Natasha from the TED (Technology, Entertainment and Design) Conference has just let us know that a new talk by Hod Lipson on self aware robots is now available for viewing on their website. You can check out the video here (and it is worth watching), but basically Lipson discusses two robot self-modeling projects of his. One of them is the Starfish quadruped robot that’s able to teach itself to walk (we wrote about it a few months ago), and the other project is the Golem Project, which some of you may remember from back in 2000. Read more after the jump.

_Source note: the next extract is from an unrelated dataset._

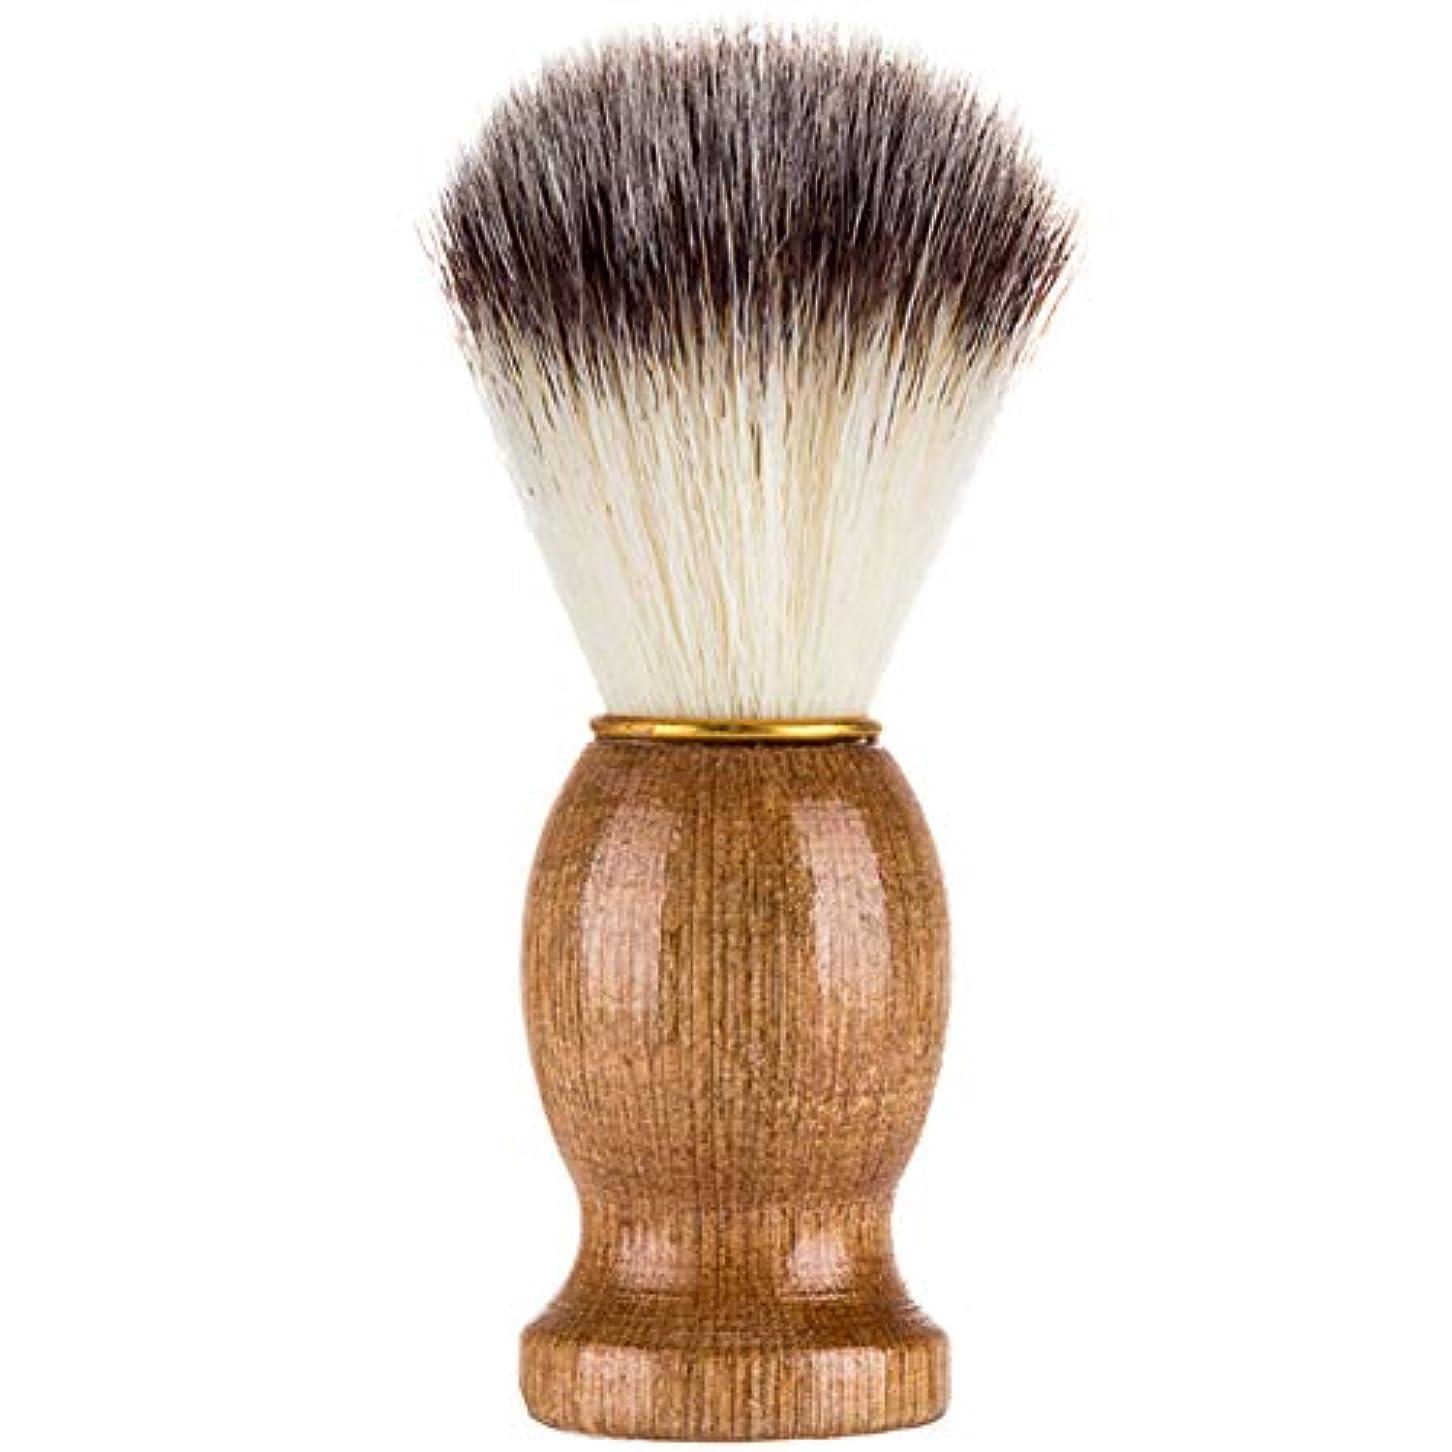 噂剣学校の先生Tenflyer シェービングブラシ、シェービングブラシ、男性シェービングブラシシェービングかみそりブラシサロン理髪店用ツールひげ剃り用品

The Golem Project was an attempt to evolve viable (i.e. moving) mechanical life forms through mutations and natural selection, with idle computers combining basic mechanical bits and pieces and preserving the best results. One of the early stabs at distributed computing, you could download the Golem@Home program to your computer (which I did, incidentally), where it would chug away, creating life while you were on the couch watching TV. The virtual bots created by your computer were uploaded to the Golem server, where they were “raced” against other virtual bots, until a few designs came out on top. The winners were constructed; you can see them in action in this video:
Here’s what the Golem Project concluded from the whole experiment: “After accumulating several Million CPU hours on this project and reviewing many evolved creatures we have concluded that merely more CPU is not sufficient to evolve complexity: The evolutionary process appears to be hitting a complexity barrier that is not traversable using direct mutation-selection processes, due to the exponential nature of the problem. We are now developing new theories about additional mechanisms that are necessary for the synthetic evolution of complex life forms. Some of these new mechanisms are based on ideas of modularity, regularity, hierarchy, symbiosis and co-evolution. These ideas are resulting in a new generation of artificial-life systems.” Hmm. I might have put it a bit more positively, but at least they’re still working on the concepts. Here’s my idea, though… Why not just design a program that evolves a better evolutionary program, huh?
[ TED Talks ]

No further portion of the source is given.